В главном доме жена с глазами, налитыми кровью, как у пожирающей людей женщины из корейской сказки, сидит, глядя прямо перед собой, и снова пьет виски. Через открытую дверь виден Хосио, который крепко спит, свернувшись, точно собачонка, около Момоко. Жена, когда я сел, оказавшись в поле ее зрения и взяв бутылку виски, стоявшую у нее между колен, сделал глоток и опять закашлялся, плыла по бурному морю опьянения, никак не связанного со мной. Я увидел, что из ее налитых кровью глаз текут слезы и застывают на сухих щеках. Вдруг в амбаре раздался выстрел и эхом унесся в ночной лес. Пока я босой вылетел во двор, послышался второй выстрел. Поспешно выскочивший из сарая отшельник Ги столкнулся со мной, и мы оба перепугались. Подбежав к лестнице, я увидел, что на втором этаже теперь горит свет.

— Не пугайся, Мицу. Чтобы сражаться завтра утром с призрачными бунтовщиками, я проверяю патроны — разрушительную силу и разлет дроби, — раздался спокойный, холодный голос психологически перевооружившегося Такаси.

Возвращаясь назад, я сказал детям Дзин, которые тоже выбежали во двор и молча ждали моего возвращения, что ничего не случилось. Жена отнеслась с полным безразличием и к выстрелам, и к тому, что я стремительно выскочил во двор, и, наклонив ставшее медно-красным лицо, неотрывно смотрела на темный стакан, наполненный виски с водой. Хосио и Момоко, поворочавшись, продолжали спать. Через полчаса снова прозвучал выстрел. Какое-то время я ждал, что раздастся еще один, четвертый. А потом влез грязными ногами в сапоги и пошел в амбар. Такаси, которого я окликнул, подойдя к лестнице, не отозвался.

Без конца ударяясь головой о балки, я взбежал наверх. У противоположной стены, опираясь о нее спиной, полулежит человек. Его голова и обнаженная грудь усыпаны, точно зернами граната, каплями крови — человек напоминает красный гипсовый манекен, на который надели одни только брюки. Я стал приближаться к нему и вскрикнул от неожиданности, ударившись ухом о ружье, прикрепленное к вязовой балке. Спусковой крючок ружья и болтающийся палец красной гипсовой куклы связаны веревкой. На стене, на такой высоте, чтобы стоя человек мог видеть дуло, красным карандашом обведены контуры головы и плеч, четко нарисованы только два огромных глаза. Я сделал еще шаг вперед и, ступив на патроны и в лужу крови, увидел, что в нарисованные глаза ударил заряд дроби и со дна выбоин на меня смотрят широко открытые свинцовые глаза. Рядом с контурами головы тем же красным карандашом написано:

«Я сказал правду».

Я услышал стон. Став на колени в лужу крови, я дотронулся до разорванного красного лица Такаси — он был мертв. Мне вдруг почудилось, что здесь, в амбаре, я уже много раз встречался с этим мертвецом.

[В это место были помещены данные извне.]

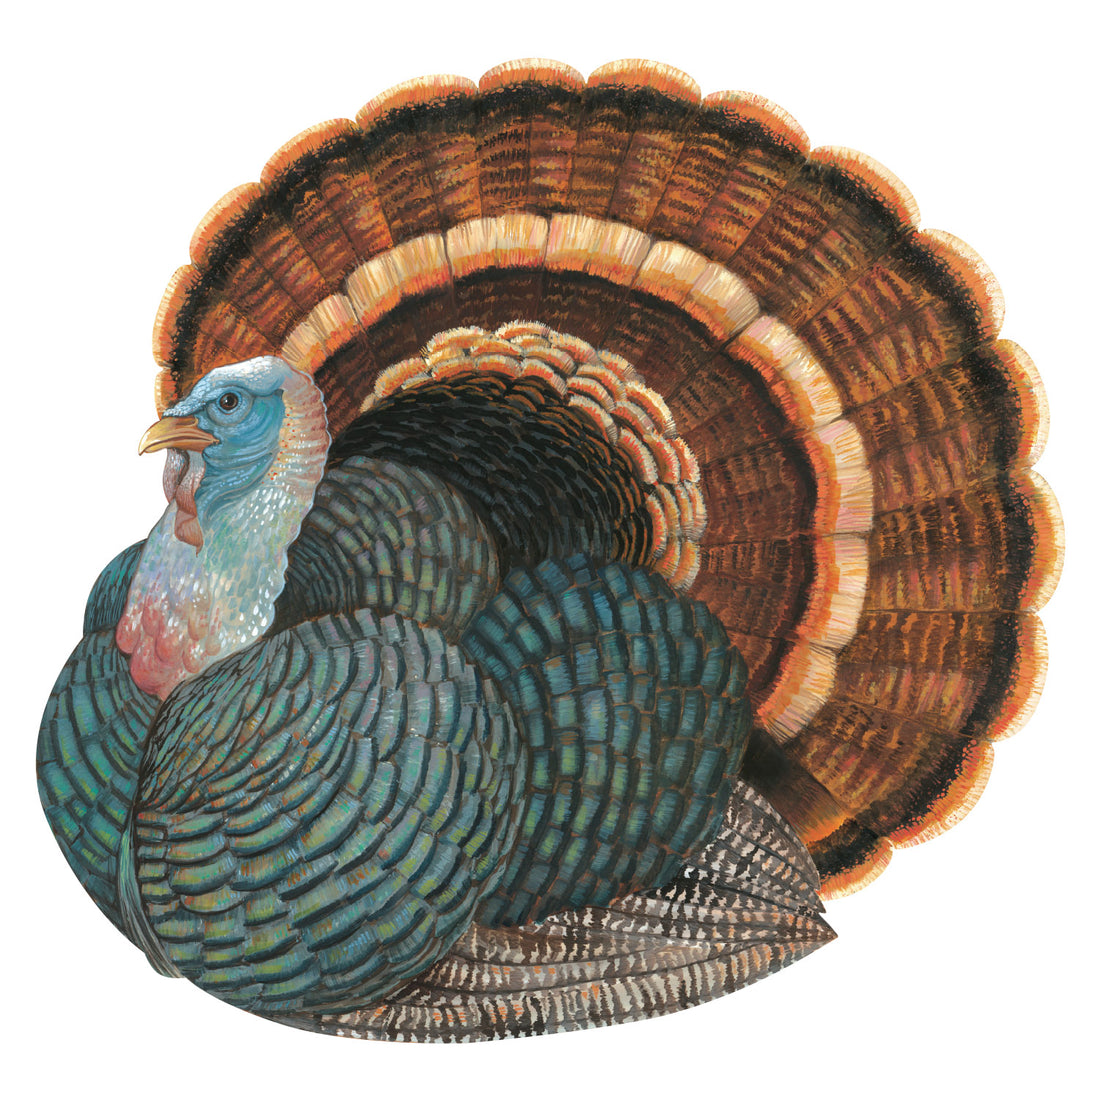 A die-cut illustration of a plump brown, blue and black turkey.

13. Новое рассмотрение дела

В долине, утонувшей в лесу, всю ночь дул тяжелый, влажный ветер; я пробуждаюсь от короткого мучительного сна на дне подвала — горло опухло и болит, но опьянение прошло, мозг, до сна воспалившийся и вспухший, теперь весь наполнен безысходной тоской, голова до трагичности ясная. Даже во сне не теряя инстинкта самосохранения, я придерживаю рукой одеяло, в которое закутан до шеи, протягиваю руку к коленям, нащупываю бутылку уже разбавленного водой виски и пью. Ощущение, будто весь я погрузился в холодную воду. Во сне метрах в пяти справа от меня туманно всплывает Такаси в виде чудовища со стальными глазами, в которых сверкают бесчисленные дробинки, — это все та же красная гипсовая статуя, у которой грудь похожа на разломленный гранат. В вершине равнобедренного треугольника, где два угла составляем я и брат, стоит бледно-серый сутулый человек и молча смотрит на нас. В том положении, в котором я полулежу: подобрав под себя ноги, голова — ниже колен, человек и Такаси кажутся мне стоящими на сцене. Я будто нахожусь в центре первого ряда зрительного зала с непропорционально высоким для такого небольшого помещения потолком, а два призрака возвышаются на сцене. Впечатление, что в глубине сцены зеркало, в нем отражается галерка и с нее, возвышаясь во тьме над головами двух этих людей, на нас смотрят, точно грибы, старики в черных одеждах и в надвинутых на самые глаза шляпах. Среди них отчетливо видны два старика — товарищ, который повесился, выкрасив голову в красный цвет, и наш ребенок, как растение, не реагирующий ни на что.

«Новое рассмотрение дела — суд над тобой!» — победоносно и вместе с тем озлобленно провозглашает стоящий на сцене Такаси, широко разверзая совершенно лишенный губ рот, напоминающий огромную багровую яму.

На галерке старики, созванные Такаси, похожие на присяжных, сняв шляпы, размахивают ими с каким-то тайным значением и, запрокинув головы к огромным вязовым балкам, грозят мне. Я просыпаюсь, испытывая слабость и отчаяние.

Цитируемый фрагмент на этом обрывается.